**Your instructions:** Leaving out every picture, copy the lines of the material below exactly, from the line containing "La_Liga_Prediction 04_02_2021" through the line containing "Gazetka promocyjna Auchan".

**Task input:**
[Start of section]
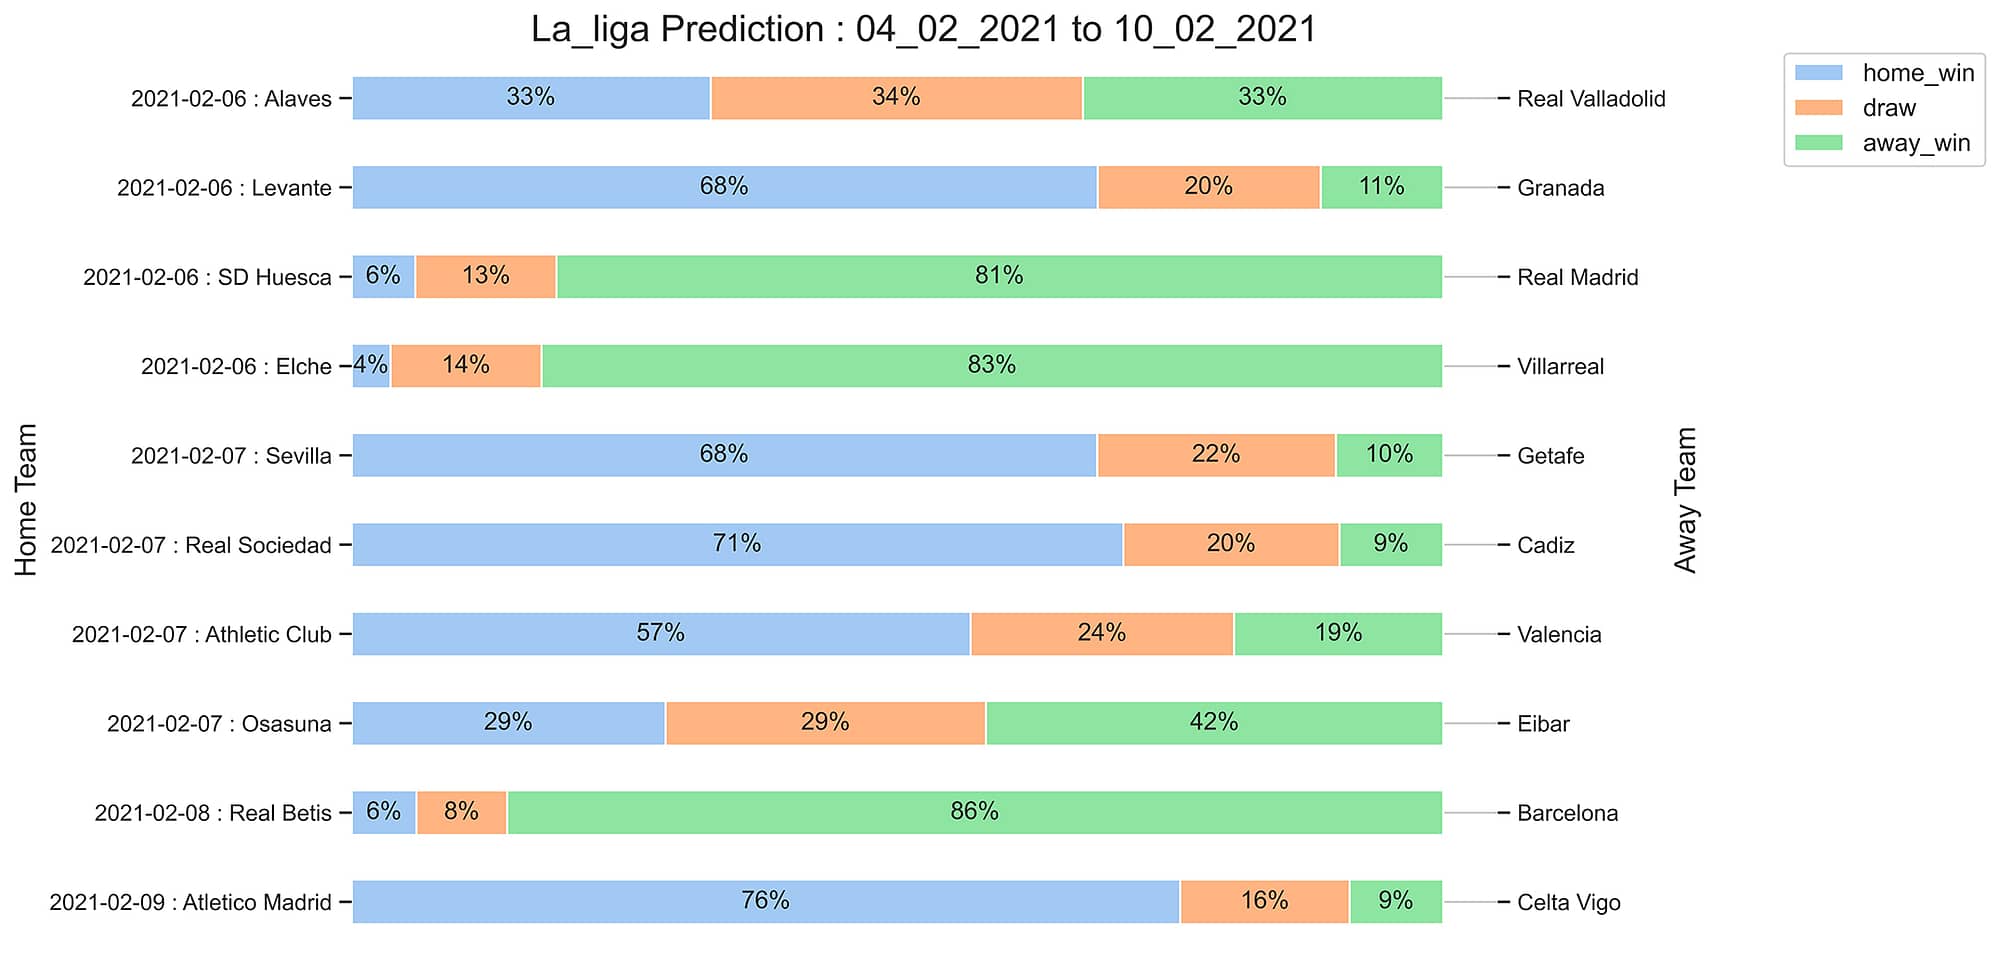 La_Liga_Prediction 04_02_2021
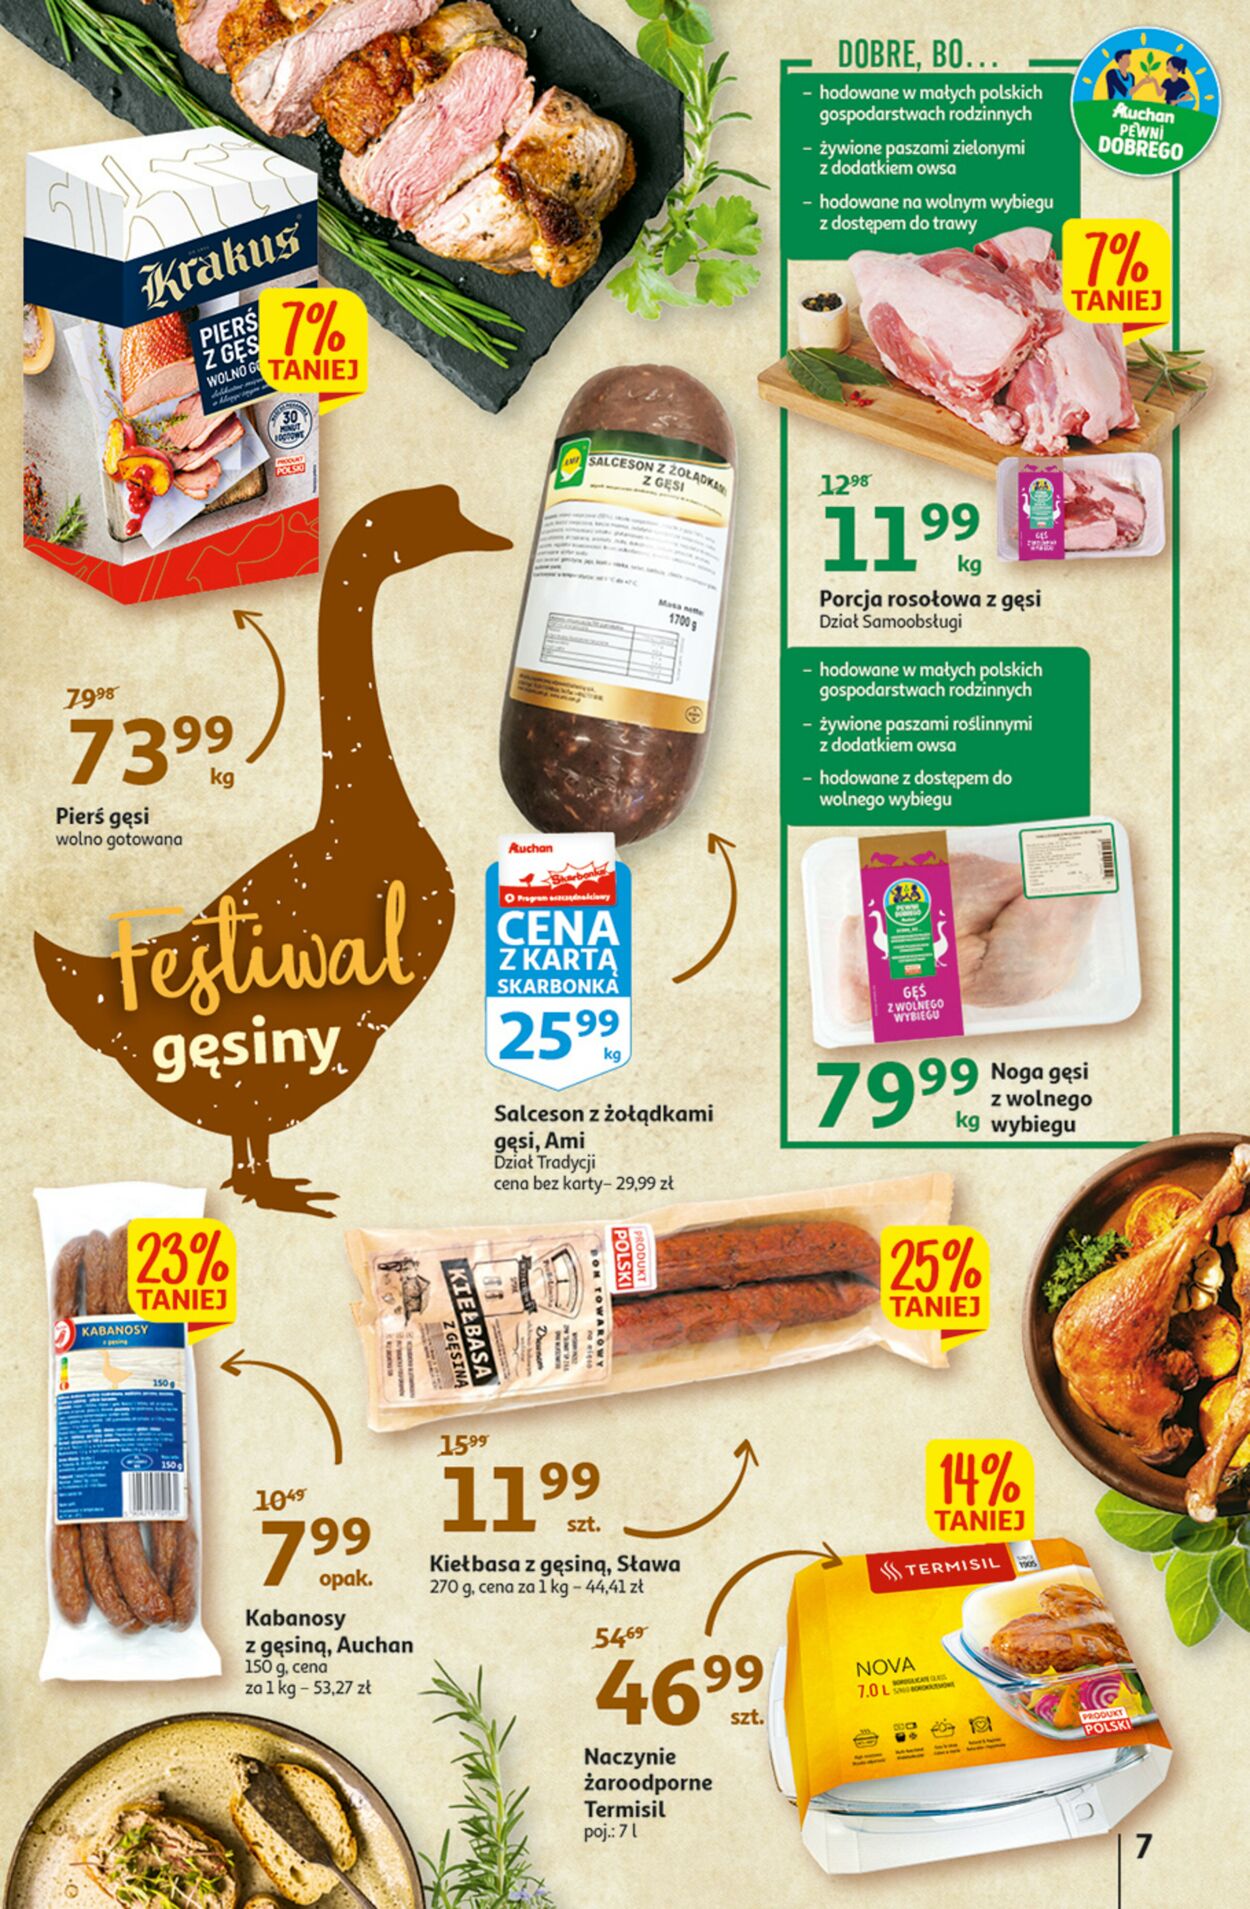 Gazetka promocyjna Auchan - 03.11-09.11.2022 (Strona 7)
[End of section]
[Start of section]
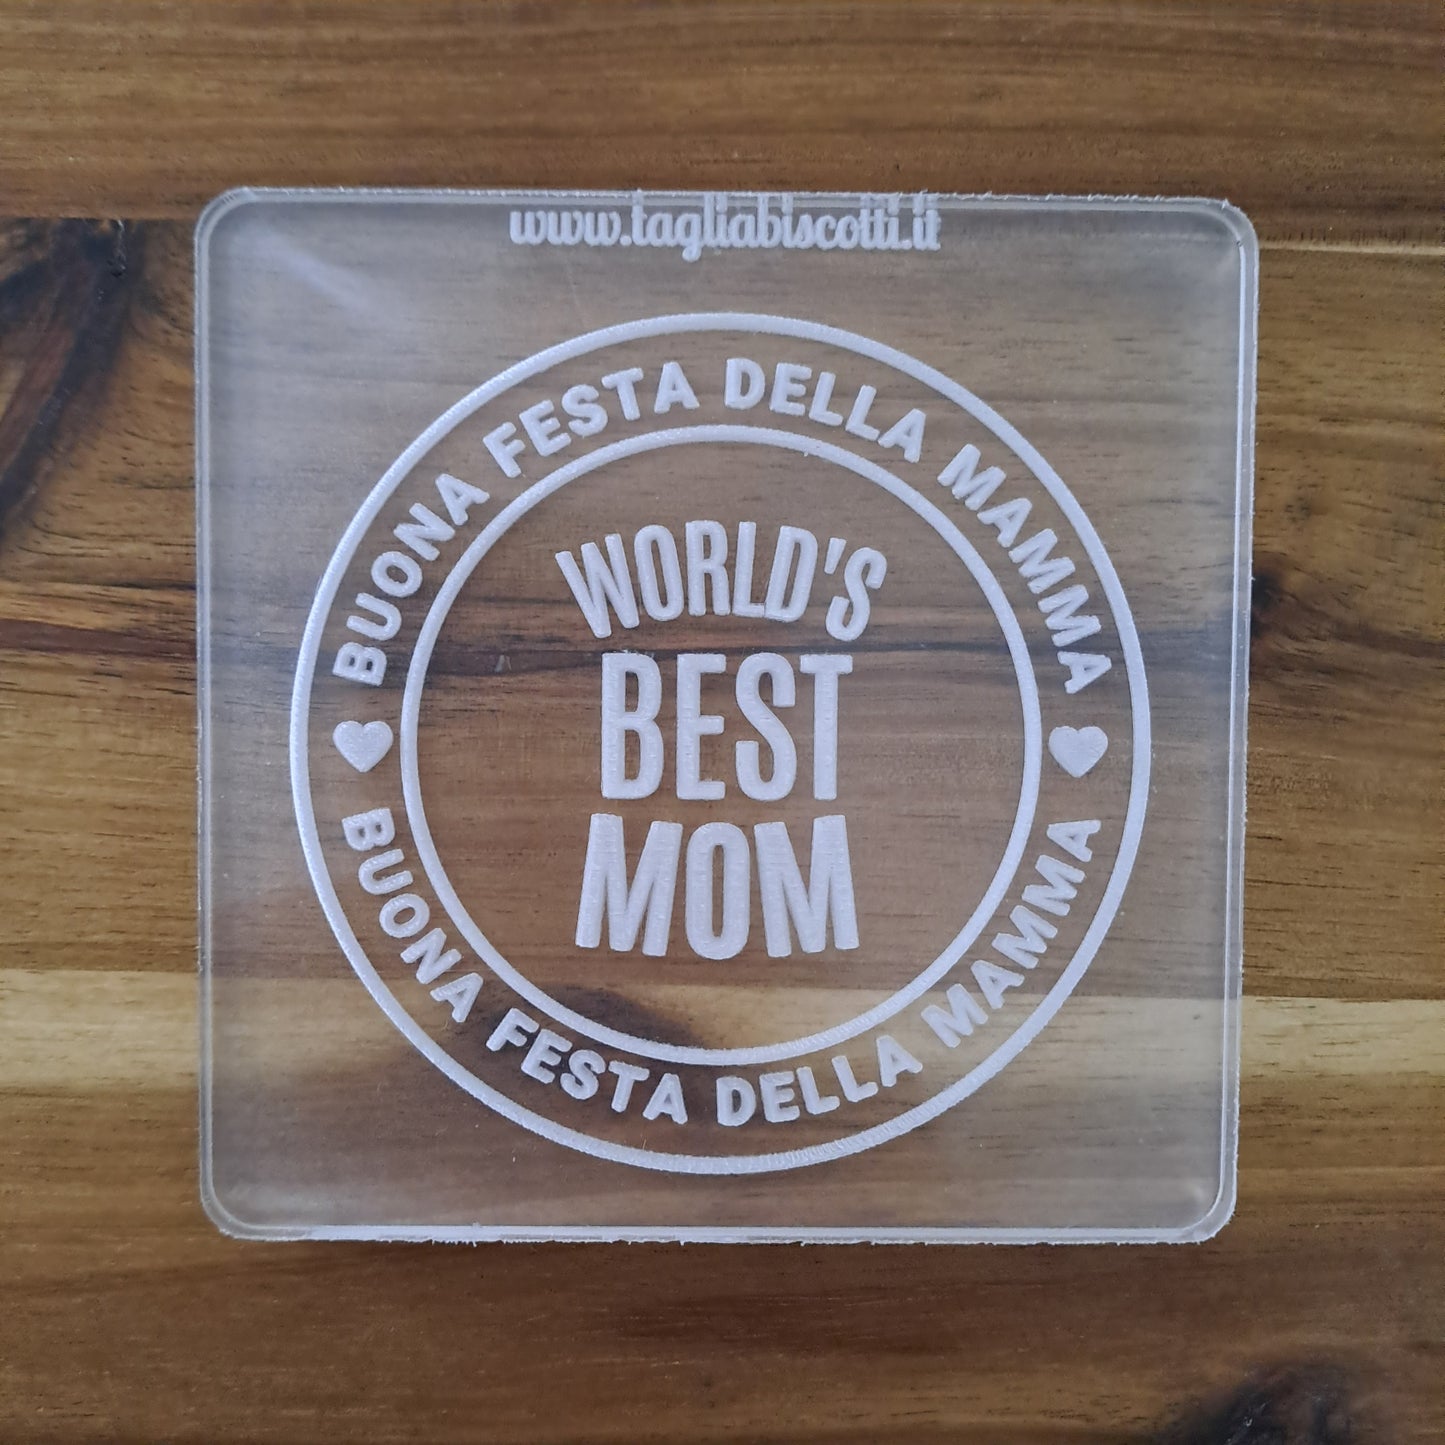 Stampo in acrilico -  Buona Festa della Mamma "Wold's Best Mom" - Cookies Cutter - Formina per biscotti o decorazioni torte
[End of section]
**Answer section:**
 La_Liga_Prediction 04_02_2021
 Gazetka promocyjna Auchan - 03.11-09.11.2022 (Strona 7)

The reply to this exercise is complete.